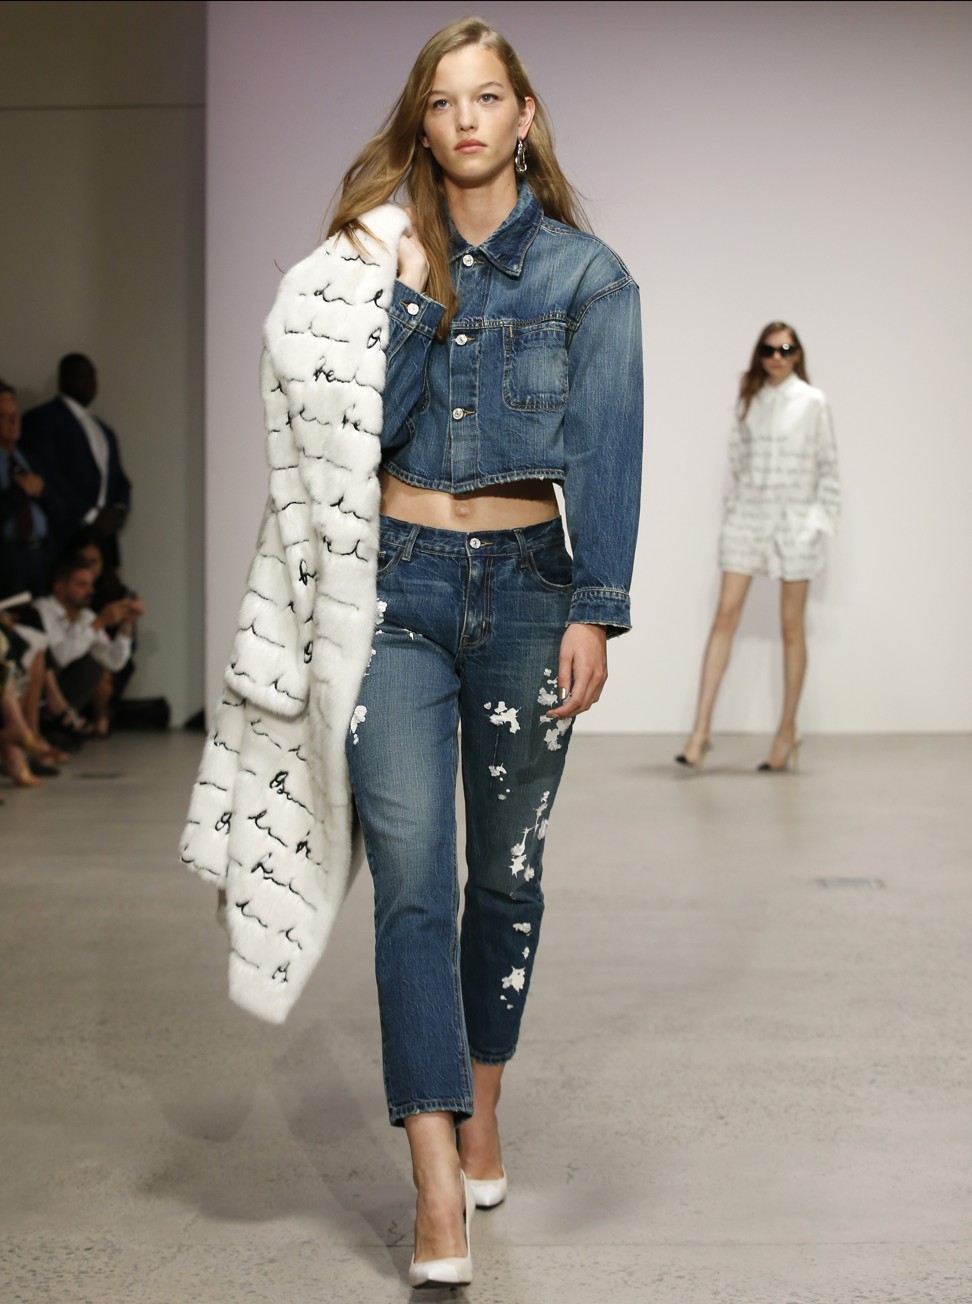 A model walks presents a denim and fur look on the runway at the Oscar de la Renta spring/summer 2018 fashion show during New York Fashion Week. Photo: AP
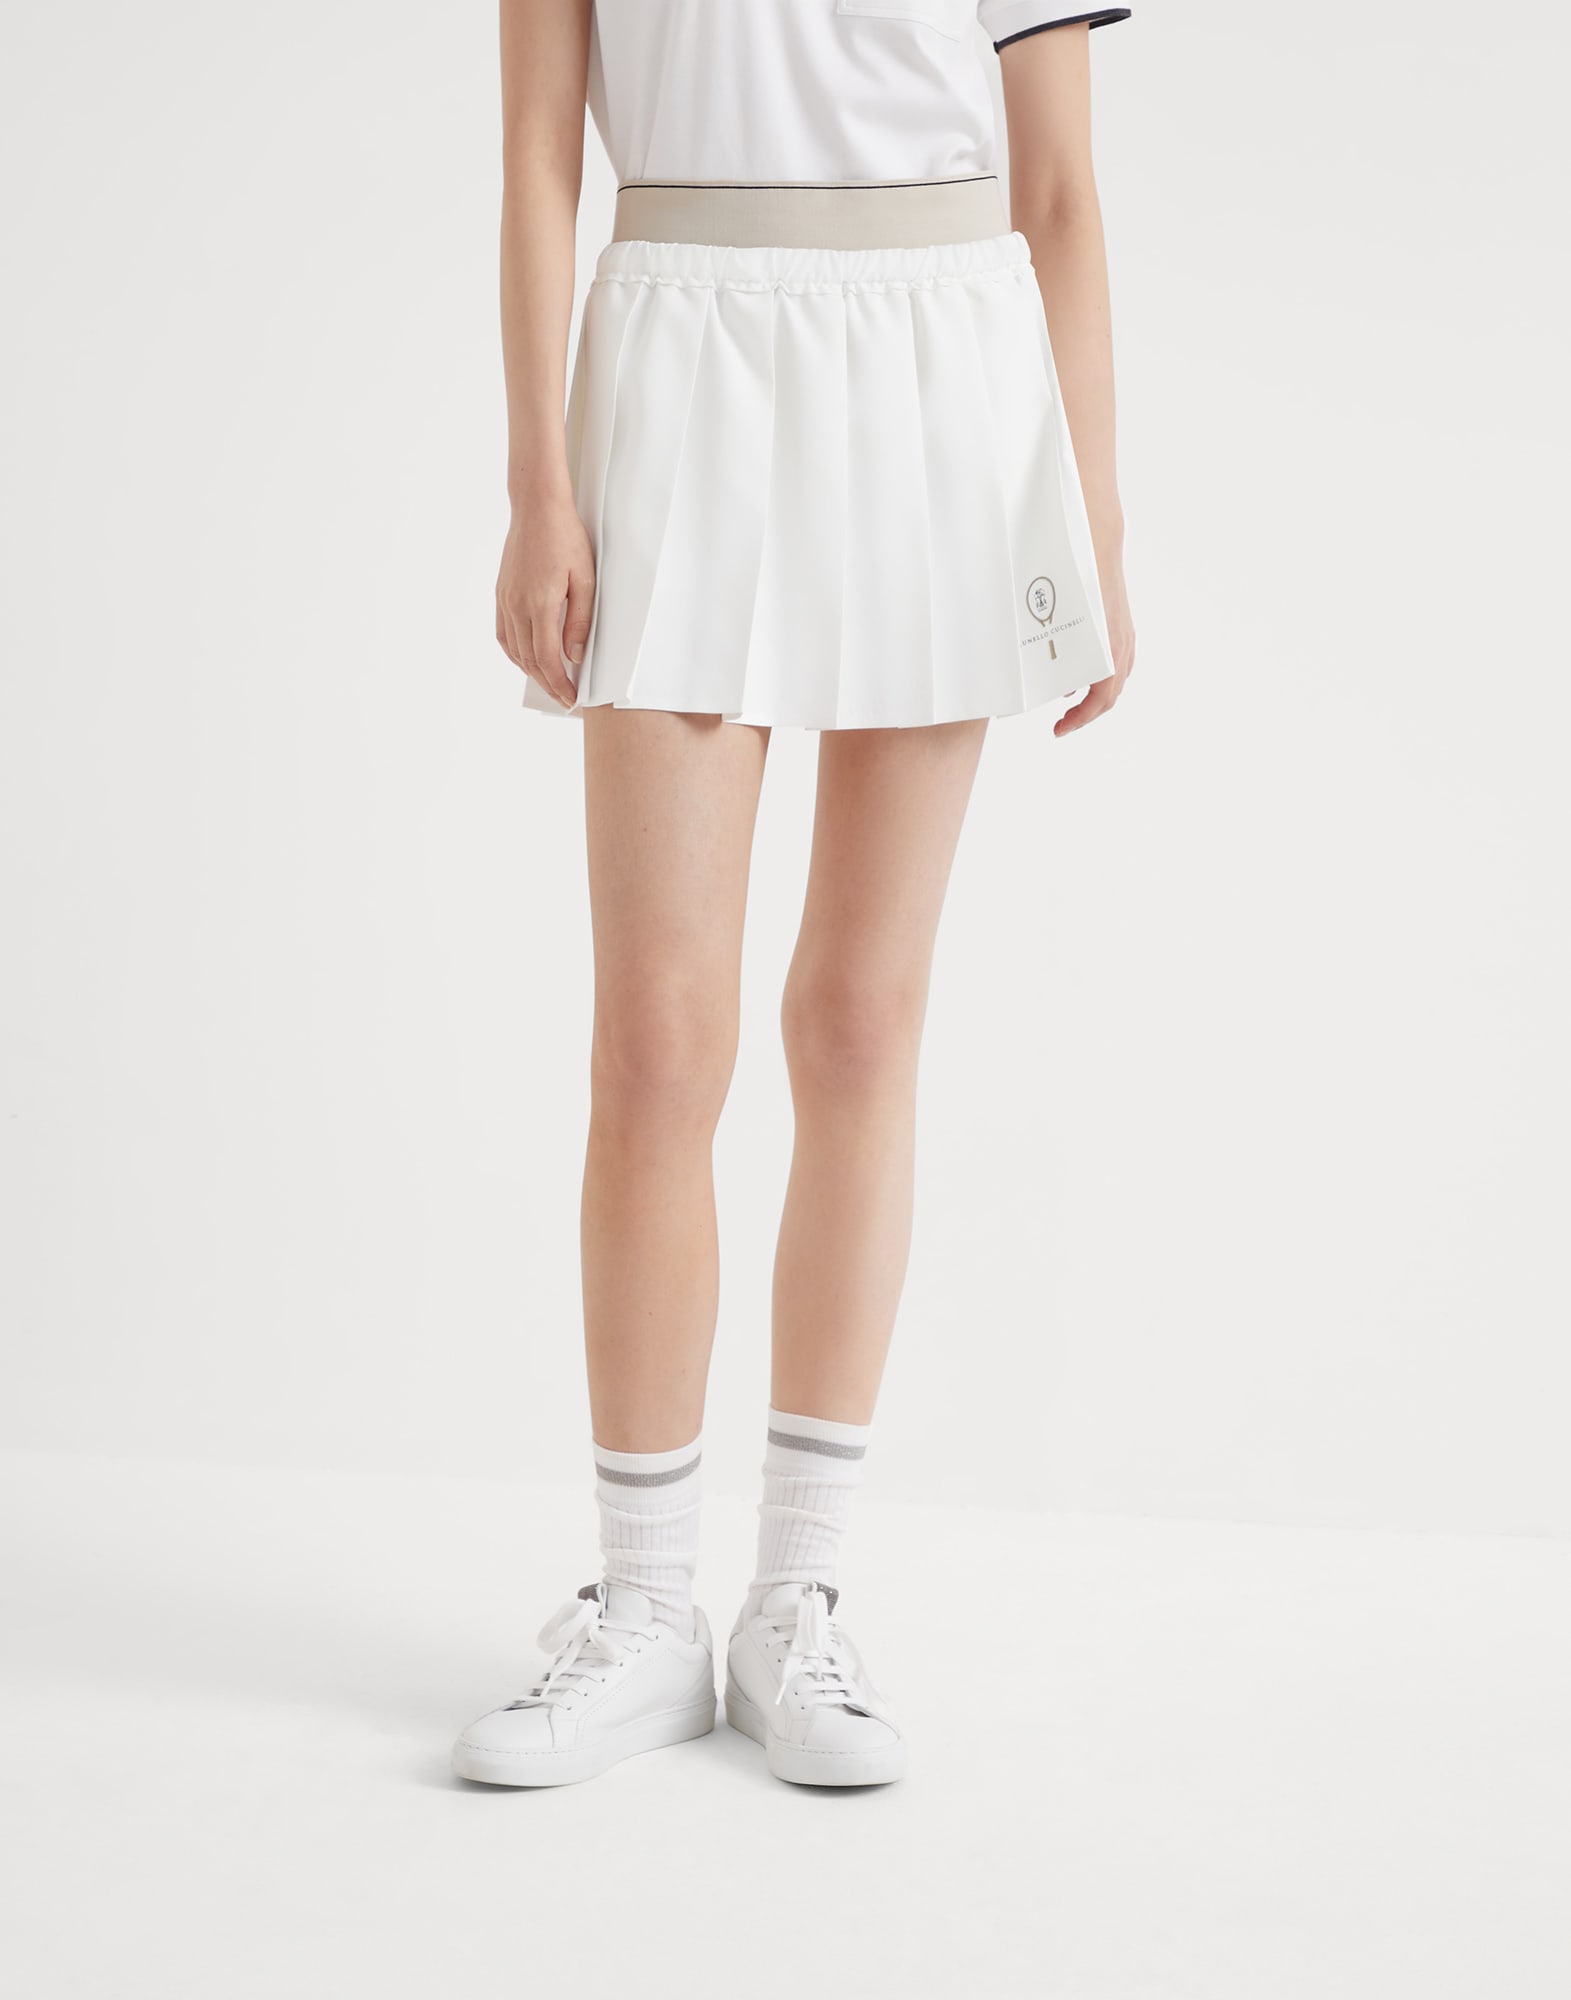 Miniskirt with Tennis Logo White Woman -
                        Brunello Cucinelli
                    
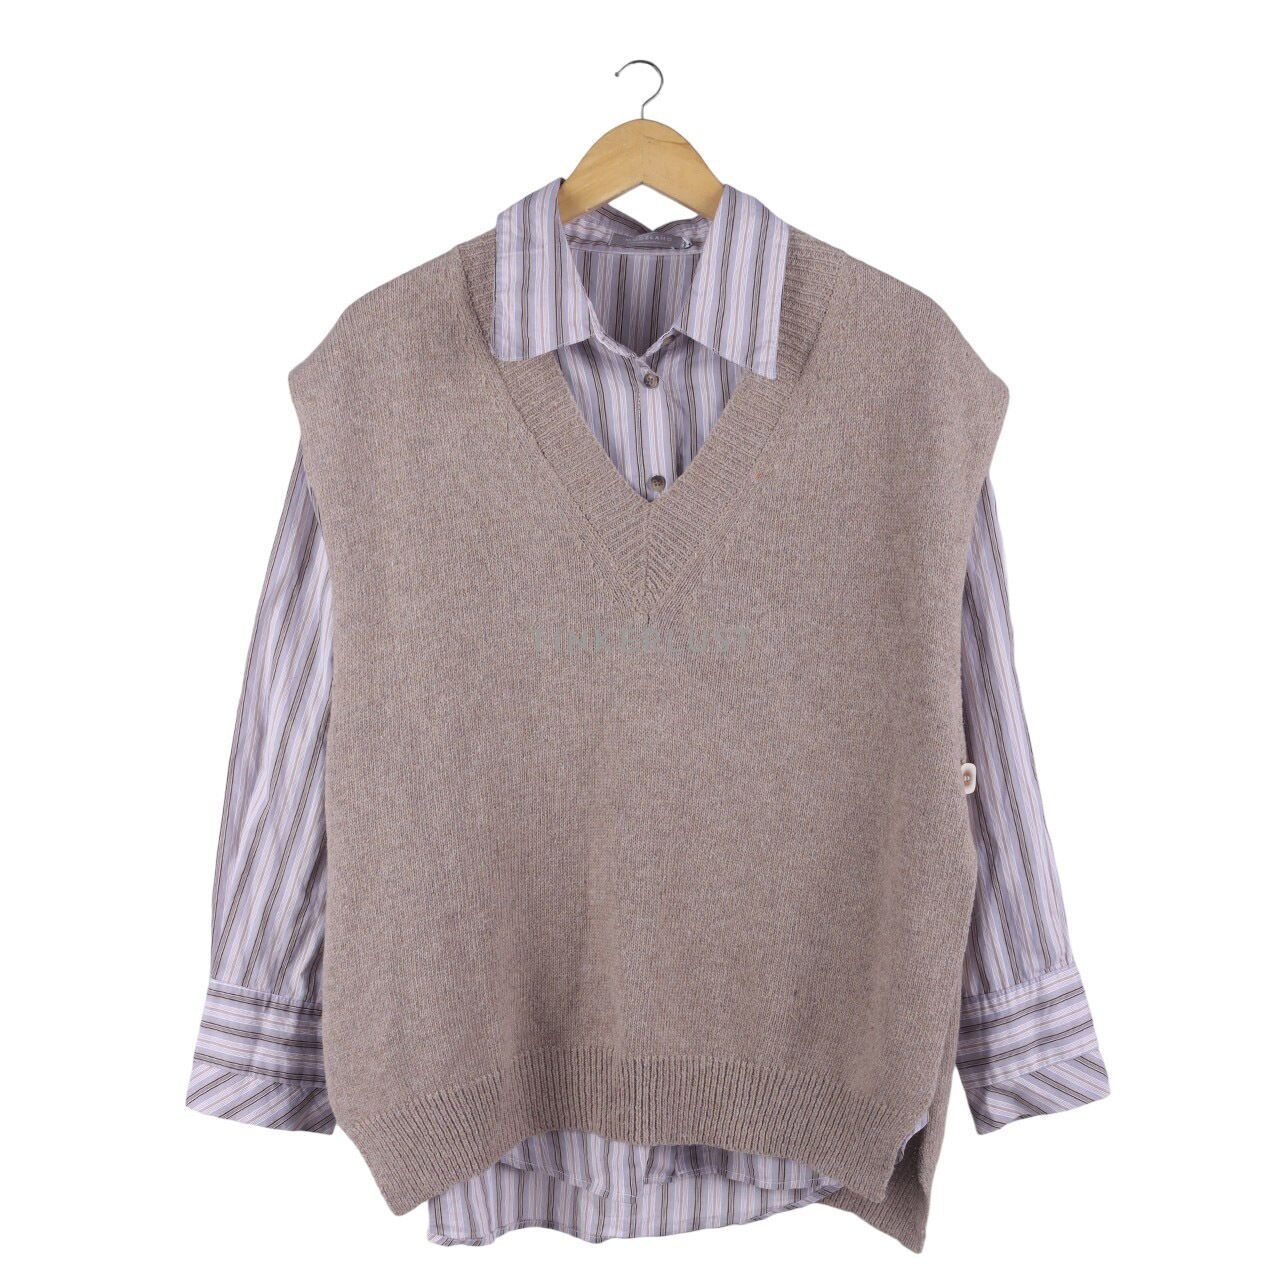 Modelano Grey & Brown Stripes Shirt with Vest

INSTRUCTIONS TO FOLLOW:
Reproduce, with the pictures omitted, exactly those lines that run from the line with "Brunello Cucinelli" to the last line of the material, both ends included.

ANSWER TO THIS EXERCISE:
                        Brunello Cucinelli
                    
 Modelano Grey & Brown Stripes Shirt with Vest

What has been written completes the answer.